Sign up: Nato has formally invited Finland and Sweden to join its alliance. This comes a day after Turkey opposed the entry.
New investments: Bertelsmann India announced a $500 million fund for startups focused on healthtech, enterprisetech, future of work, fintech, and agritech.
👻🔐: Snap will launch a $3.99 monthly subscription product called Snapchat Plus this week. It won't, however, turn off ads for Plus users.
Upcoming: The next IPL edition will have an extended 10-week window to accommodate more cricketers.
Tug-of-war: Wimbledon organisers thought they were onto something when they tried to train dogs to fetch tennis balls to replace ball boys and girls at the big event. But it failed miserably as the pooches refused to give the ball back unless they were given treats.
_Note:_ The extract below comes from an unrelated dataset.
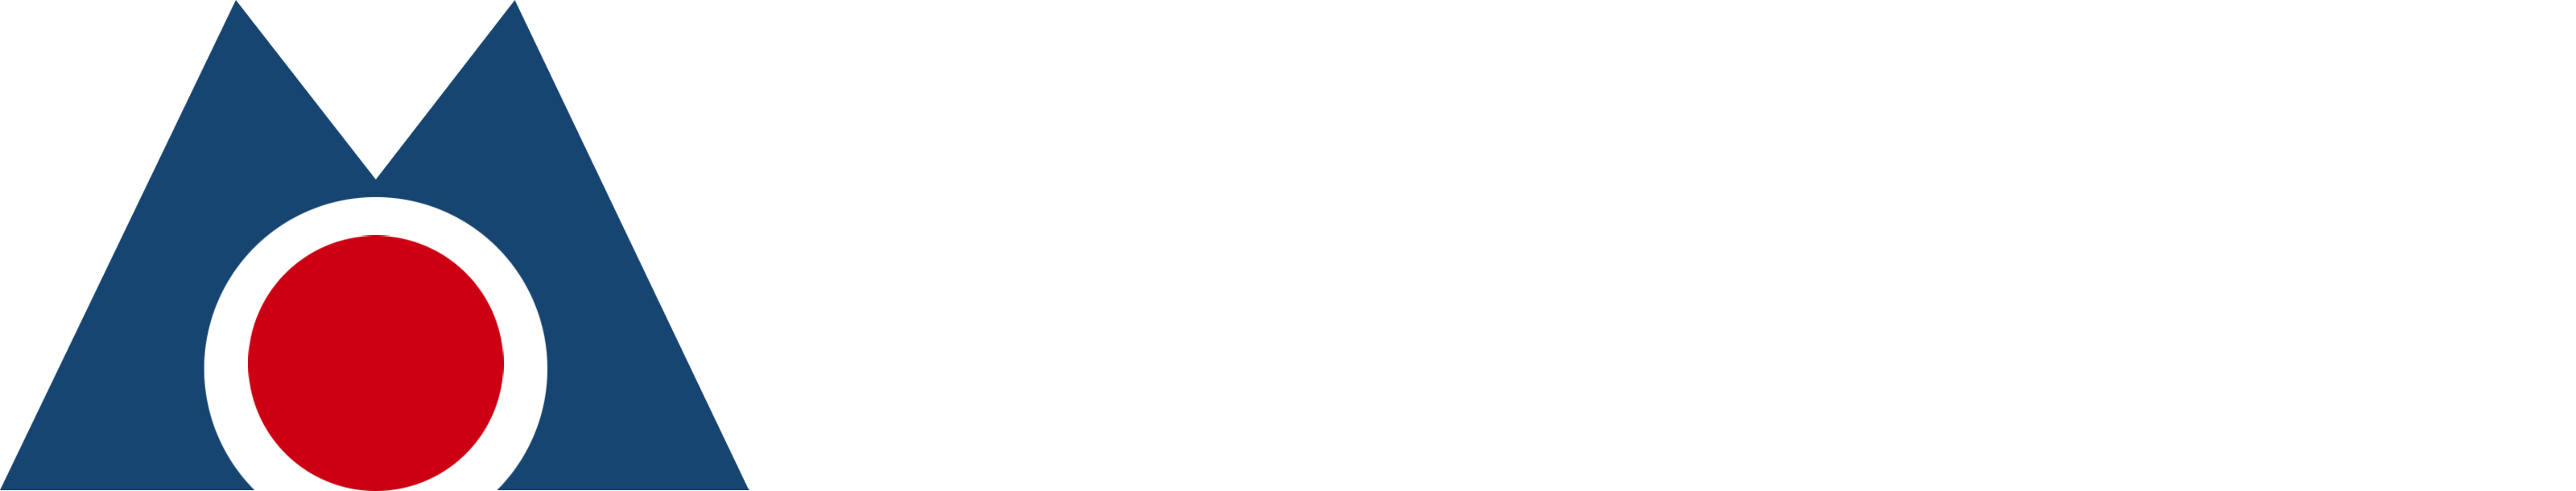 Innung-Metallbau-Feinwwerktechnik
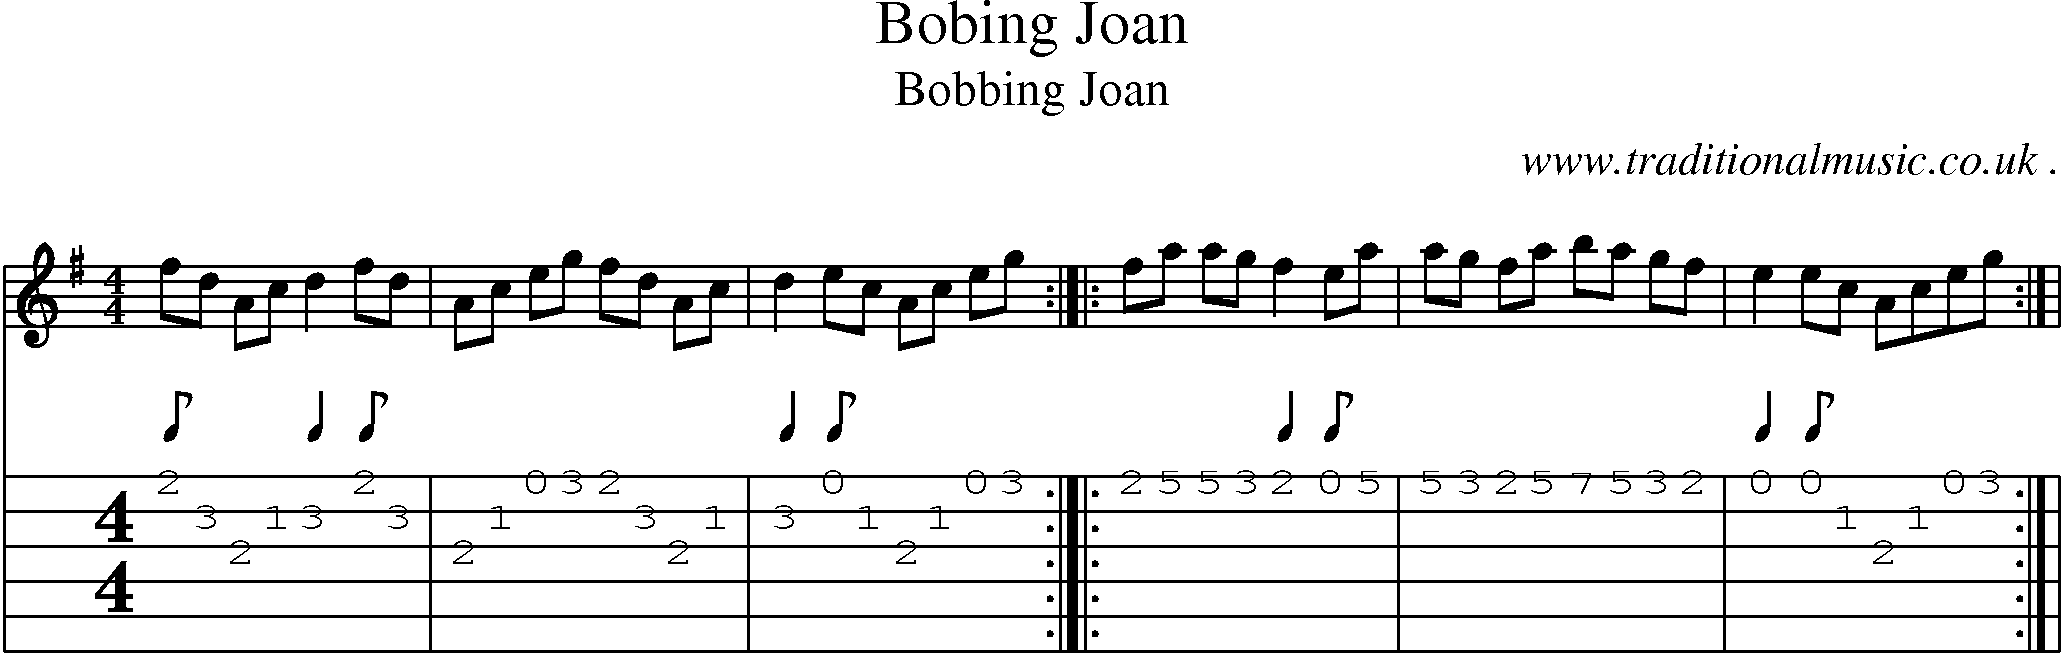 Sheet-Music and Guitar Tabs for Bobing Joan

Pop goes the paddle: Pickleballers have run into trouble with US residents. The 'pop' sound when the paddle connects with the pickleball has become a nuisance. Some are even threatening legal action. The complainants, however, are outnumbered by pickleballers who find joy in playing the sport, which started to gain popularity in the 1960s.
Don't listen to Beyonce: Beyonce's hit single Break My Soul has divided listeners. Some believe the pop icon was urging employees to quit toxic workplaces. There are investors who believe Beyonce's messaging may have come at the wrong time, what with the American economic climate in the US. Stans, however, are defending the singer. Guess you can't win them all.